The optimizer of PyPy's JITs operates on traces, which are linear sequences of instructions with guards. The instructions in the traces operate on different machine-level data types, machine integers, doubles, pointers, bools, etc. In this post we'll be mostly concerned with machine integers.

To given some wider context I'll explain a bit how Python ints in the user code relate to the types that are used in traces when the PyPy Python implementation is used. When PyPy turns a regular Python 3 function into a trace, there is a lot of work happening in the JIT frontend to try to observe and infer the types that the Python function concretely uses at runtime. The traces are generated under these typing assumptions. Therefore, code that uses `ints` in the Python code can typically be translated into traces that operate on machine integers. In order to make sure that the Python integer semantics are upheld, many of the operations in the traces need to check that the integer results of some operations still fit into a machine integer. If that is not the case (a rare situation for most programs), the trace is left via a guard, execution falls back to the interpreter, and there a big integer representation is chosen for the too big value (the big integer representation is done via a pointer and some storage on the heap).

All of this machinery is not going to be too relevant for the rest of the post. For the post it's important to know that trace instructions operate on machine integers and other low-level types, and some of the operations can optionally check whether the results still fit into a machine integer. These trace operations are improved by the optimizer, which tries to transform the trace into one that behaves the same, but is less costly to execute.

## Background: Bounds Analysis in PyPy's JIT¶

The optimizer of PyPy's JIT has an analysis based on abstract interpretation that tries to find out whether the integer values stored in a variable are actually not using the full 64 bit (or 32 bit) range, but instead fit into some smaller range. This means that for every integer variable `x` in a trace, the JIT compiler tracks upper and lower bounds of the runtime value of that variable: a range `[a, b]` such that for every concrete runtime value `v` that gets stored in variable `x`, `a <= v <= b` must be true. `a` and `b` start out as the most general `MININT` and `MAXINT`, but sometimes there is extra information that makes it possible to improve these known bounds, and that is often useful to optimize the code.

A typical example is that the JIT knows that the length of a string is non-negative, so for this kind of code: `x = len(s)` where `s` is a string, `x` gets a range `[0, MAXINT]` assigned. With this information we could for example remove a check `x + 10 < 0` completely, because it can never be true.

The bounds information is useful for optimization, but the analysis of the bounds is also a source of bugs in the JIT, because the reasoning is often subtle and easy to get wrong in corner cases. We already use a number of testing techniques to try to make sure that it is correct. A simple one is property-based testing using Hypothesis on the operations on bounds. Even though Hypothesis is fantastic, it unfortunately does not catch absolutely all the bugs even if we'd like it too, as we'll see in the next section.

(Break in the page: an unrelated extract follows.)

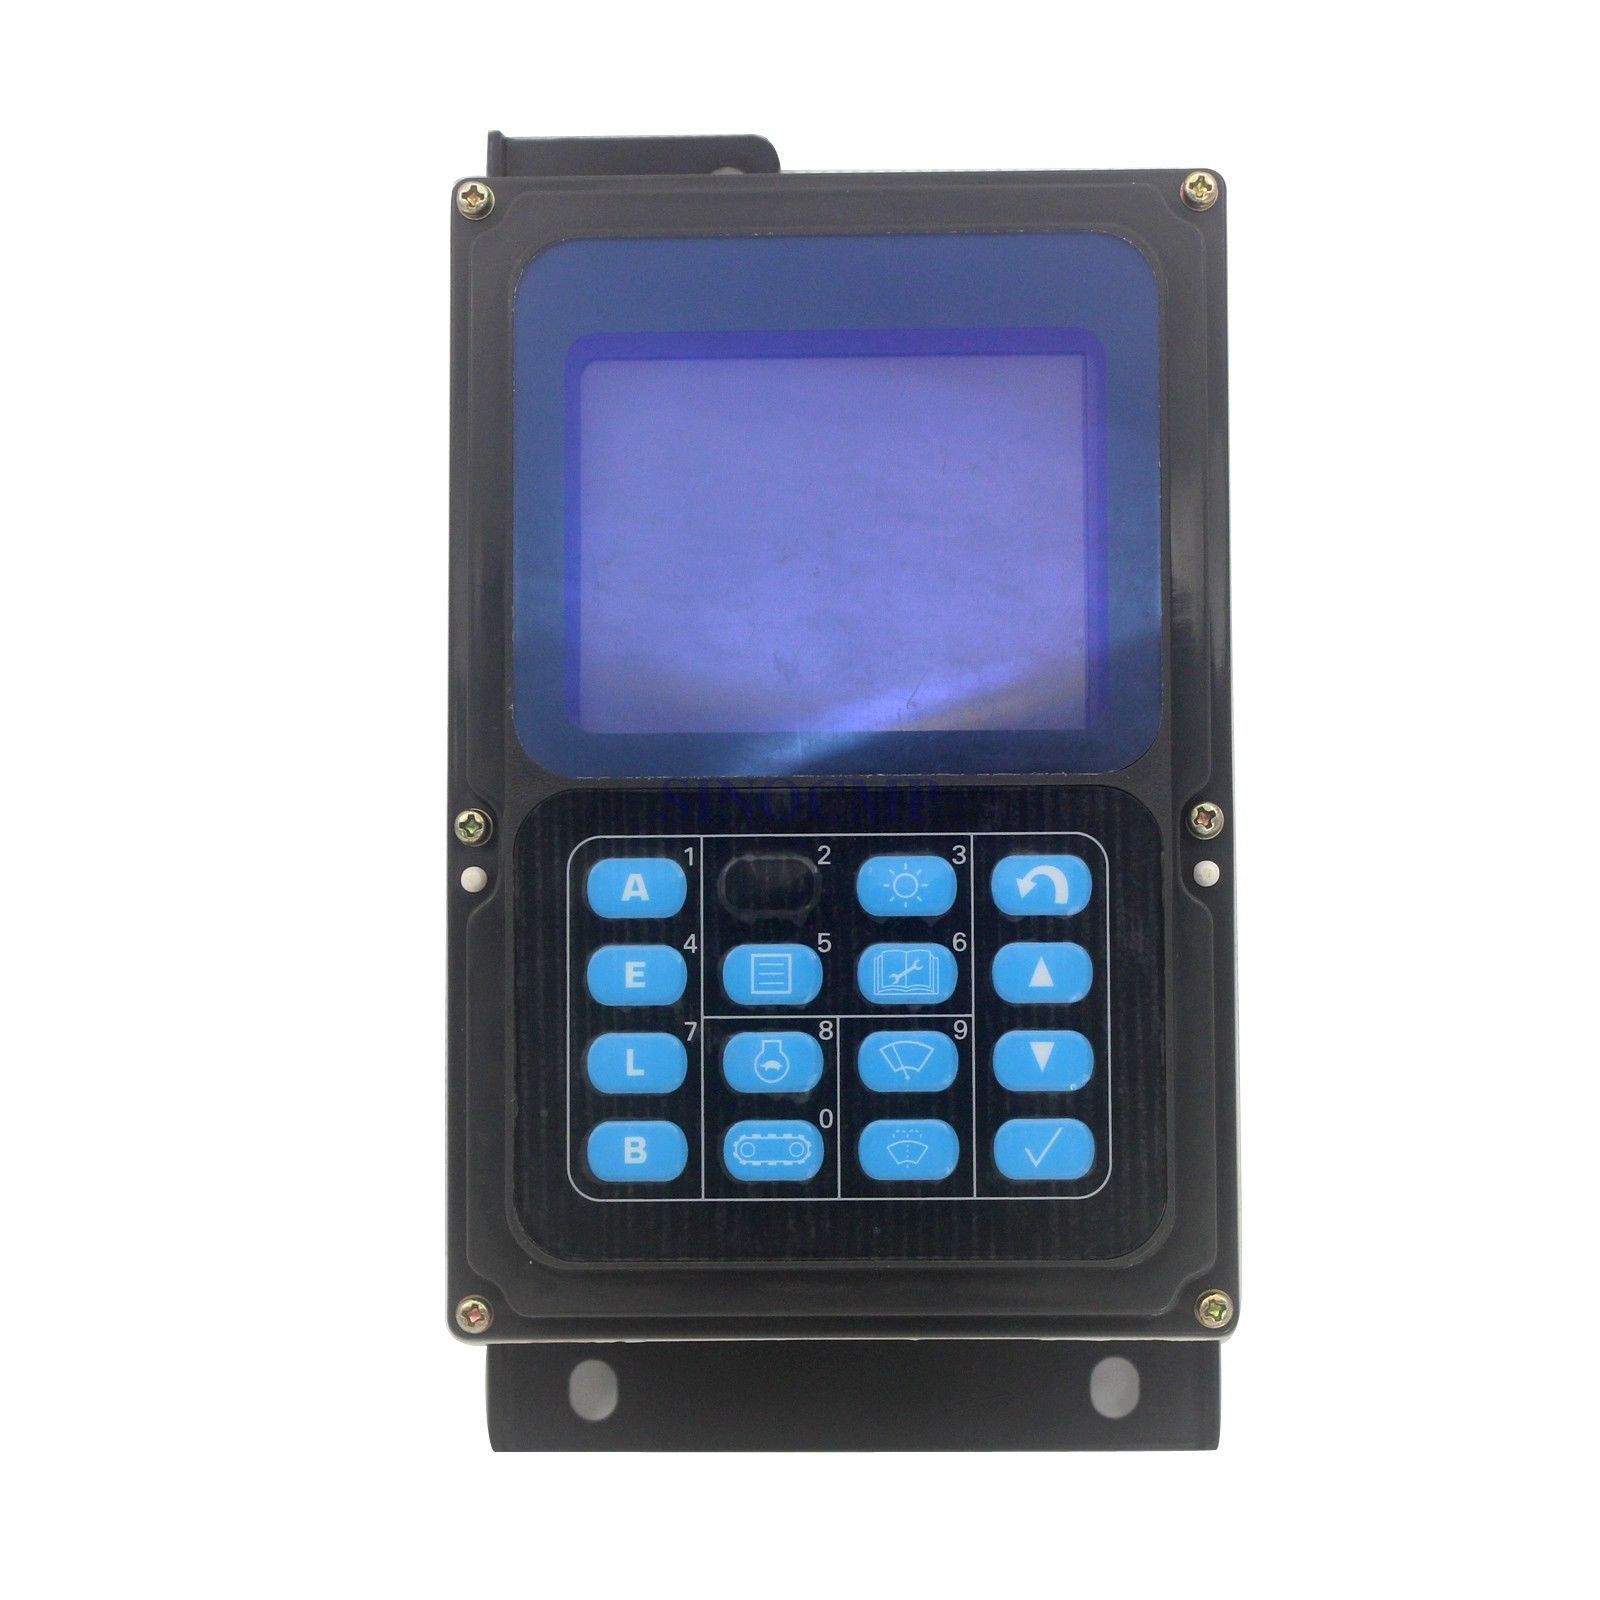 7835-12-2006 7835-12-2007 Excavator Monitor Display Panel For Komatsu PC400-7 PC450-7, 1 year warranty7835-12-2006 7835-12-2007 Excavator Monitor Display Panel For Komatsu PC400-7 PC450-7, 1 year warranty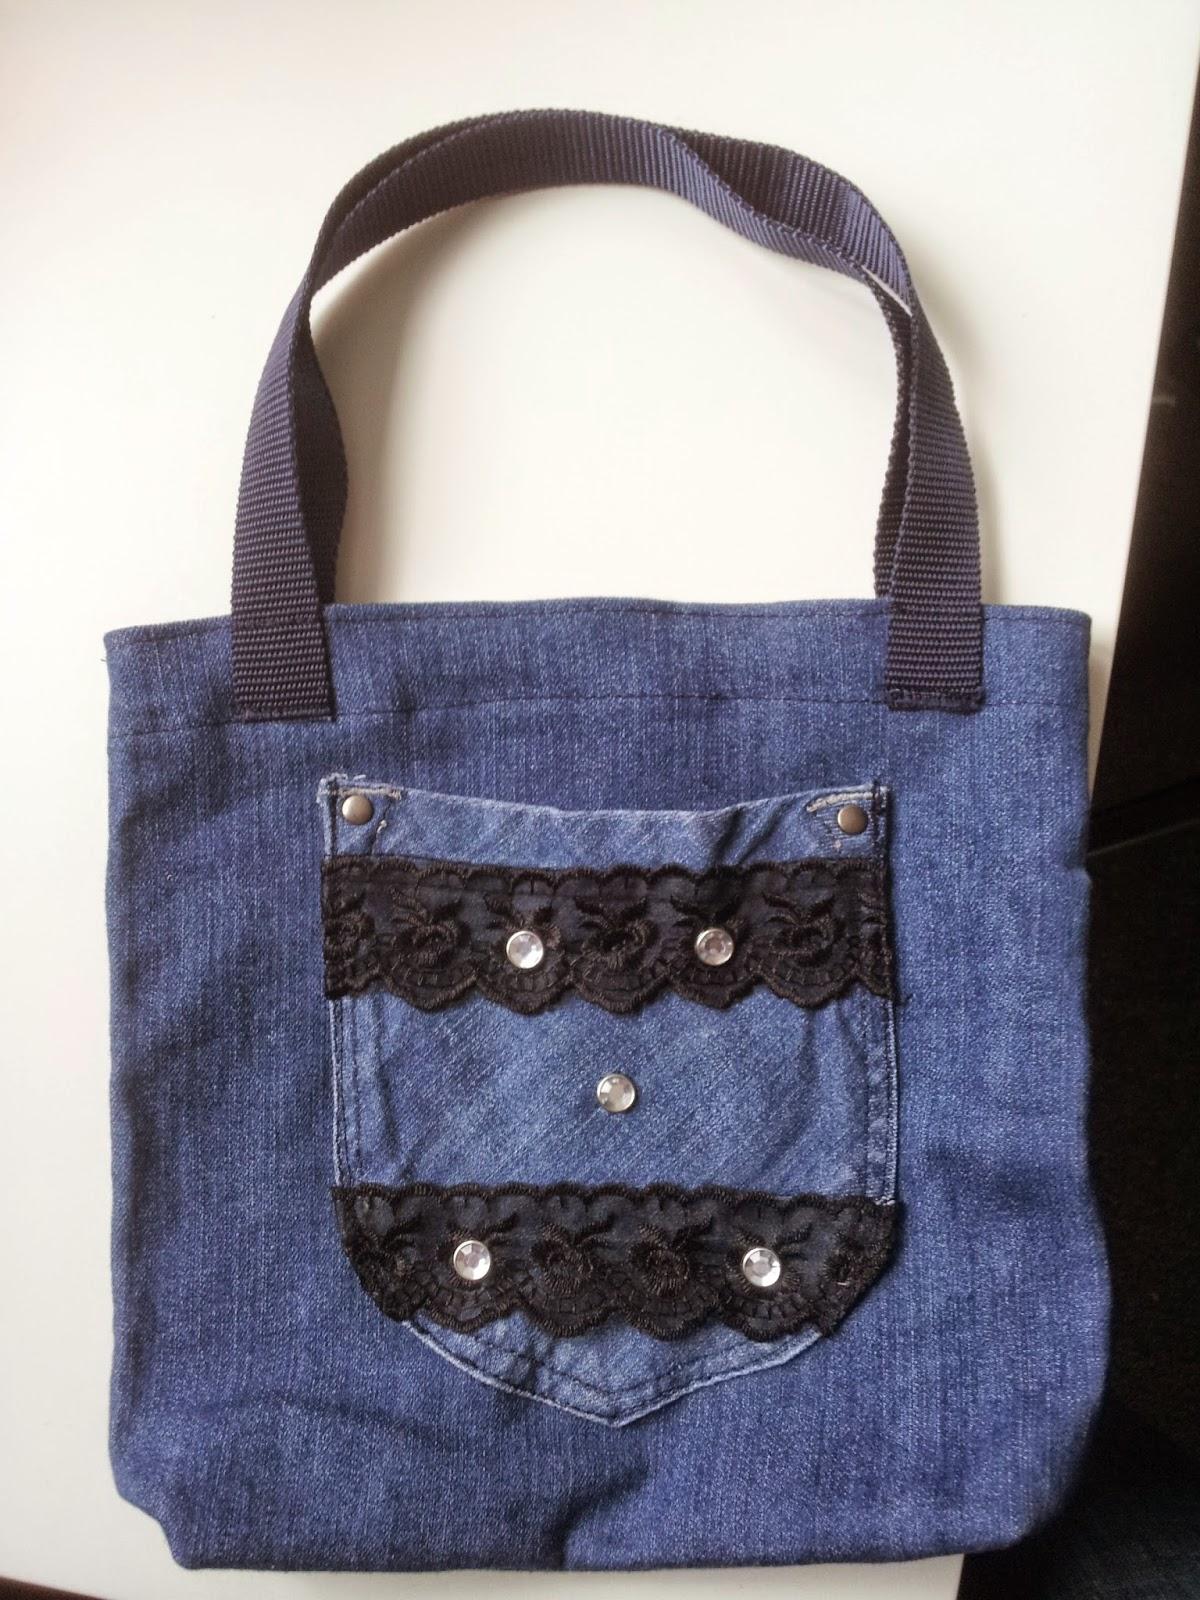 debbie mackay 39 s handmade kleine jeanstasche selber n hen. Black Bedroom Furniture Sets. Home Design Ideas

## Motivation: A JIT Miscompilation¶

I am currently supervising a Bachelor thesis by Nico Rittinghaus, who is extending the integer analysis in the JIT. He'll probably write a separate blog post about that soon. In the process of his work, the current bounds analysis code got a lot of scrutiny, and we found out that one of the unit tests of the bounds analysis was actually incorrect, and the example code in that unit test was optimized incorrectly. This case of incorrect optimization is not a big deal for regular Python code, because it involved a "wrapping integer addition operation", i.e. one where overflowing results just wrap around to negative values. All the additions and other arithmetic operations that the PyPy Python frontend generates actually have overflow checks (to be able to switch to a big integer representation if needed). However, it's still possible to trigger the problem with the `__pypy__.intop.int_add` API which is a function that exposes wraparound arithmetic on Python ints.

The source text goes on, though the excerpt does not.